**DATA EXCERPT**

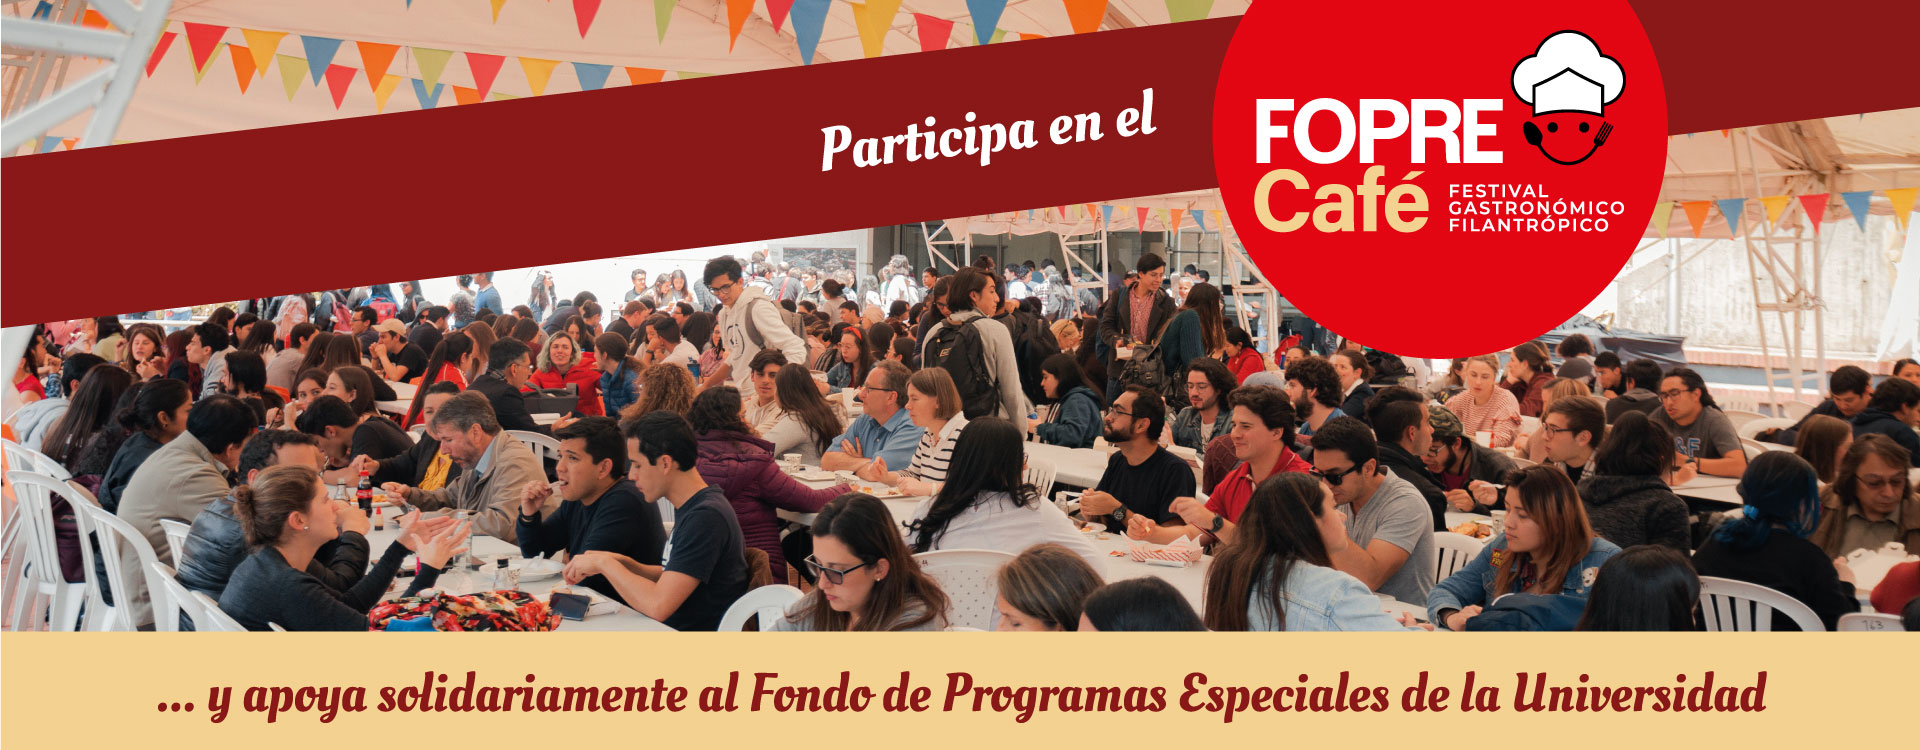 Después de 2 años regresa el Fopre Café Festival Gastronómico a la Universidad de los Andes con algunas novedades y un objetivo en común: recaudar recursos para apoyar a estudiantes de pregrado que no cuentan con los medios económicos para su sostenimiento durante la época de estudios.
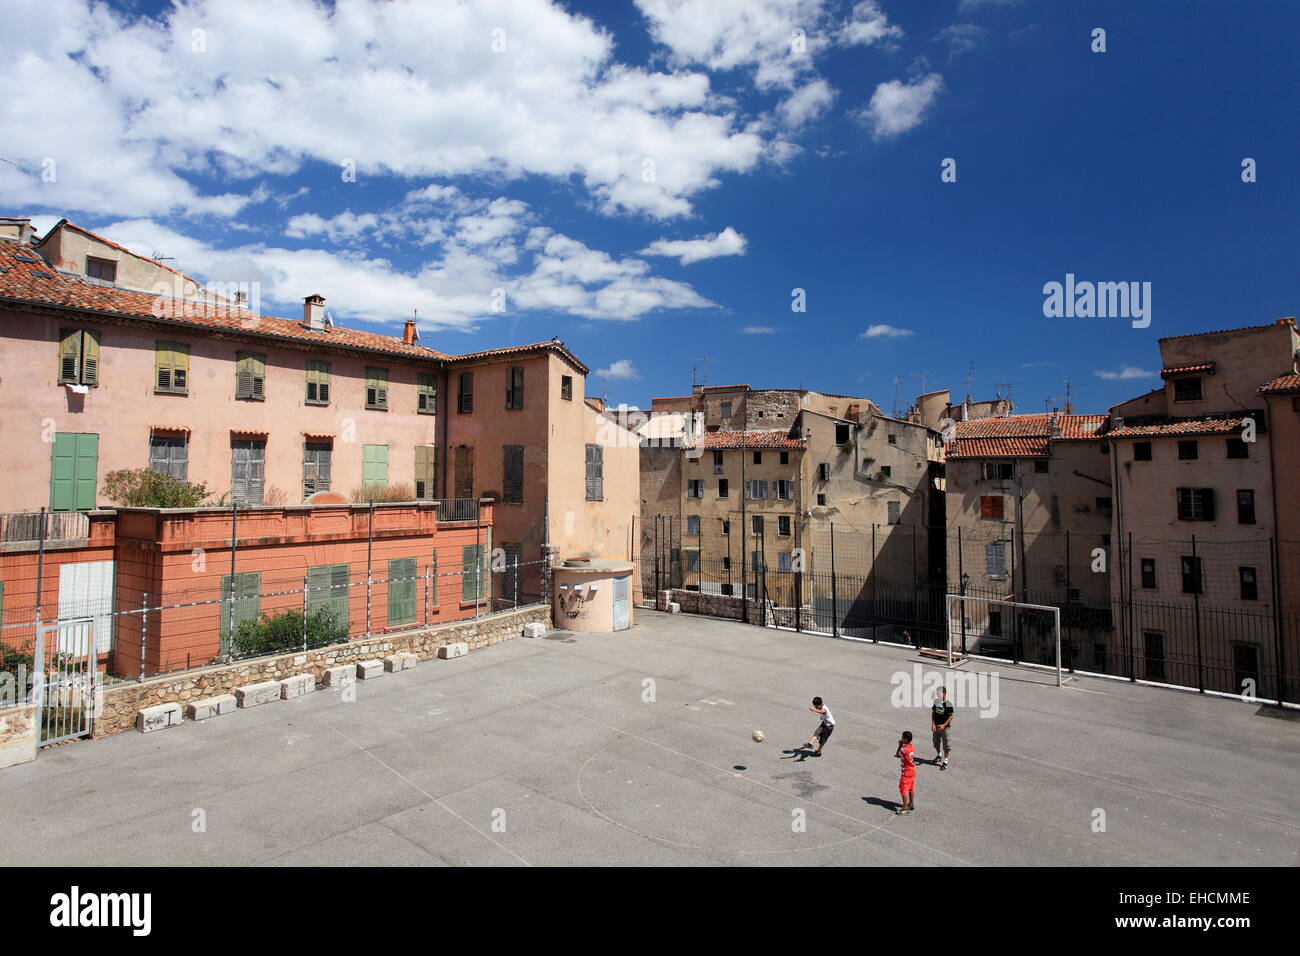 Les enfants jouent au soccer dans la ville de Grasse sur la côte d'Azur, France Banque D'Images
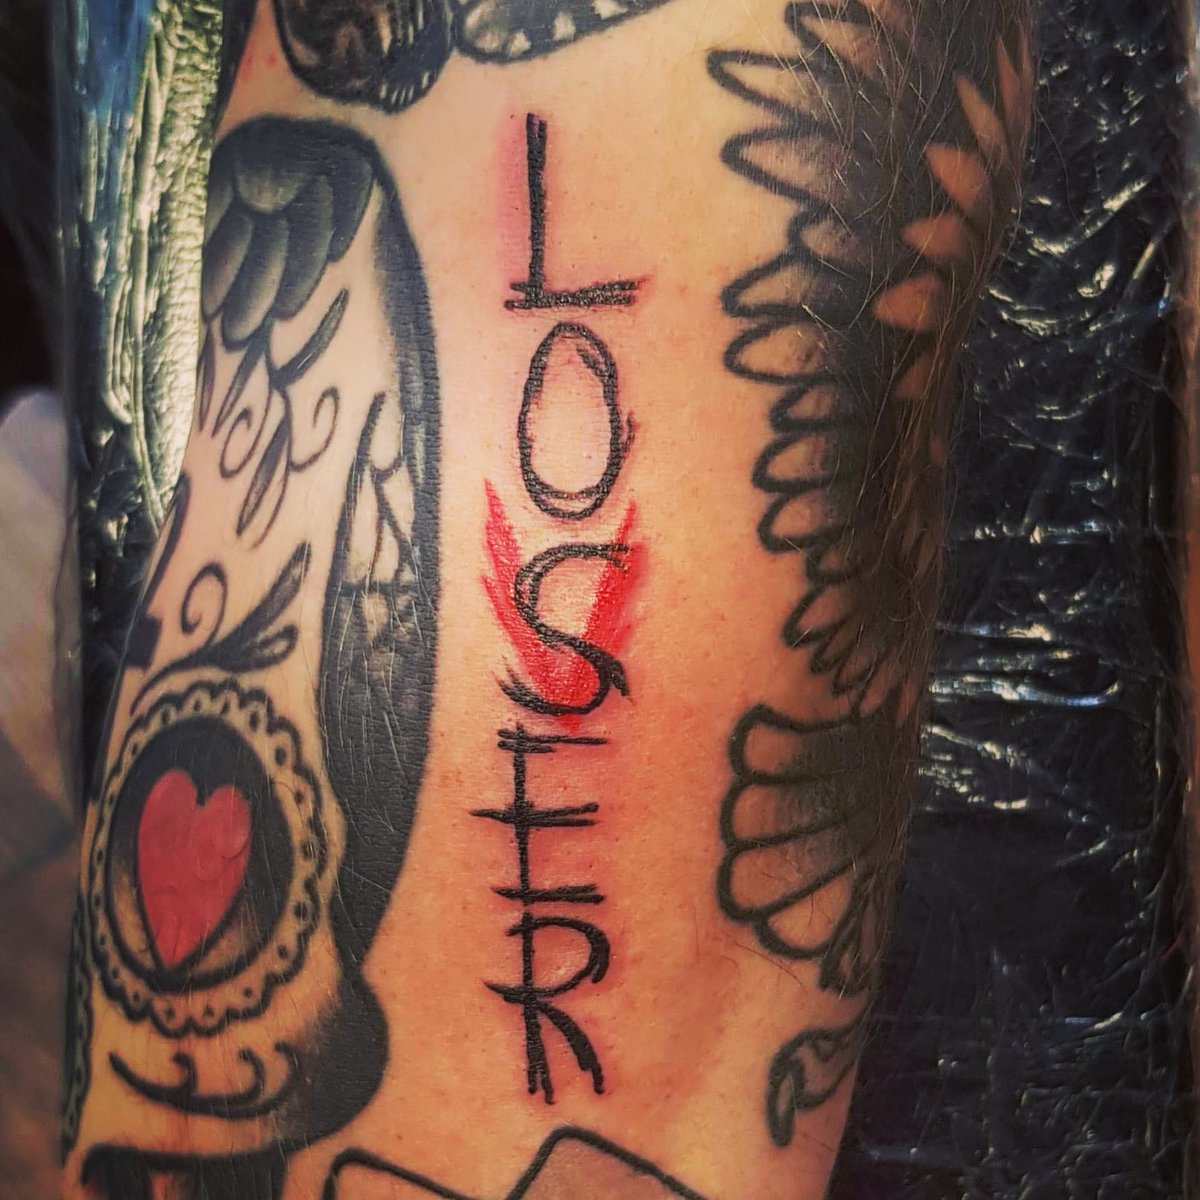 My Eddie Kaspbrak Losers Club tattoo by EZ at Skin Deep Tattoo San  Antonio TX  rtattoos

**REQUIRED WORK**
Repeat the material above in full and exactly, apart from the pictures.

**PROBLEM SOLUTION**
 Después de 2 años regresa el Fopre Café Festival Gastronómico a la Universidad de los Andes con algunas novedades y un objetivo en común: recaudar recursos para apoyar a estudiantes de pregrado que no cuentan con los medios económicos para su sostenimiento durante la época de estudios.
 Les enfants jouent au soccer dans la ville de Grasse sur la côte d'Azur, France Banque D'Images
 My Eddie Kaspbrak Losers Club tattoo by EZ at Skin Deep Tattoo San  Antonio TX  rtattoos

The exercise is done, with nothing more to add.